The UK Government response recognised that wildcats are one of Scotland’s most endangered animals and their conservation and protection is of the “highest priority”. To this end, a Scottish Wildcat Conservation Action Plan (SWCAP) was produced in 2013. A SWCAP Steering Group, representing a range of organisations, specialisms, and interests, was established to take this work forward and implemented the multi-partner Scottish Wildcat Action (SWA) project (which ran from 2015-2020). The SWA concluded that there is not currently a viable wildcat population in Scotland – the number of cats is too small, hybridisation too far advanced, and the population is too fragmented. The IUCN SSC Cat Specialist Group (CSG) has also been instructed by the Scottish Government to carry out an independent review of SWA’s work and other wildcat conservation activities in Scotland.
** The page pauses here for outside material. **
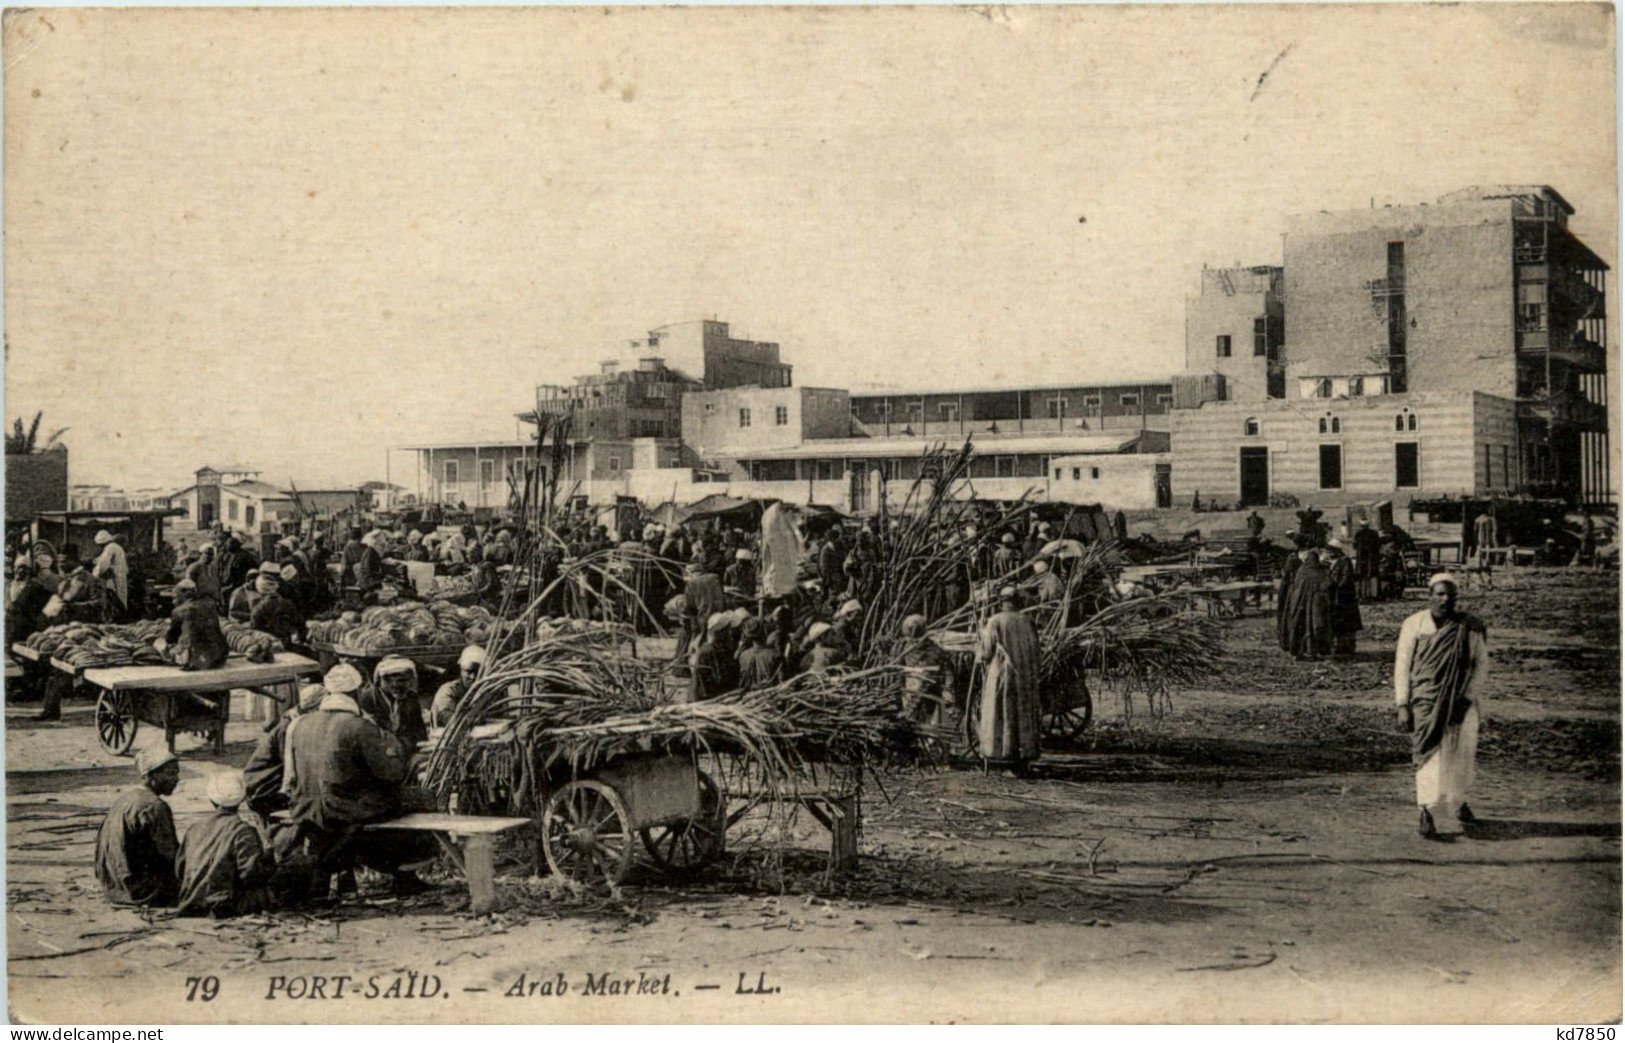 Port Said - Arab Market - Puerto Saíd

The independent review from the CSG, along with the conclusions of the SWA, informed the design of a new EU LIFE-funded project, ‘Saving Wildcats’. This work runs from 2019-2025 and involves (1) the further development of the conservation breeding programme in collaboration with breeders across the rest of the UK and Europe; (2) the construction of purpose-built breeding facilities at the Royal Zoological Society of Scotland’s (RZSS) Highland Wildlife Park, liaising with other European specialists who will be providing animals for the project; and (3) the production of a new, updated wildcat action plan.
Bern Convention Decision
Wildcat Haven’s complaint was considered at the meeting of the Bureau of the Standing Committee of the Bern Convention on September 15-16, 2020. In their brief decision, the Bureau stated that a breach of the Convention had not occurred and the complaint was dismissed. Their expert analysis reached the conclusion that the species could no longer be conserved in the wild. The actions of the Scottish Government to repopulate the wildcats in captivity and reintroduce in the wild appeared to be the only realistic solution.
The Bureau supported the government’s strategy, but urged the authorities to cooperate together with Wildcat Haven and the IUCN SSC Cat Specialist Group in order to share expertise and elaborate joint action plans.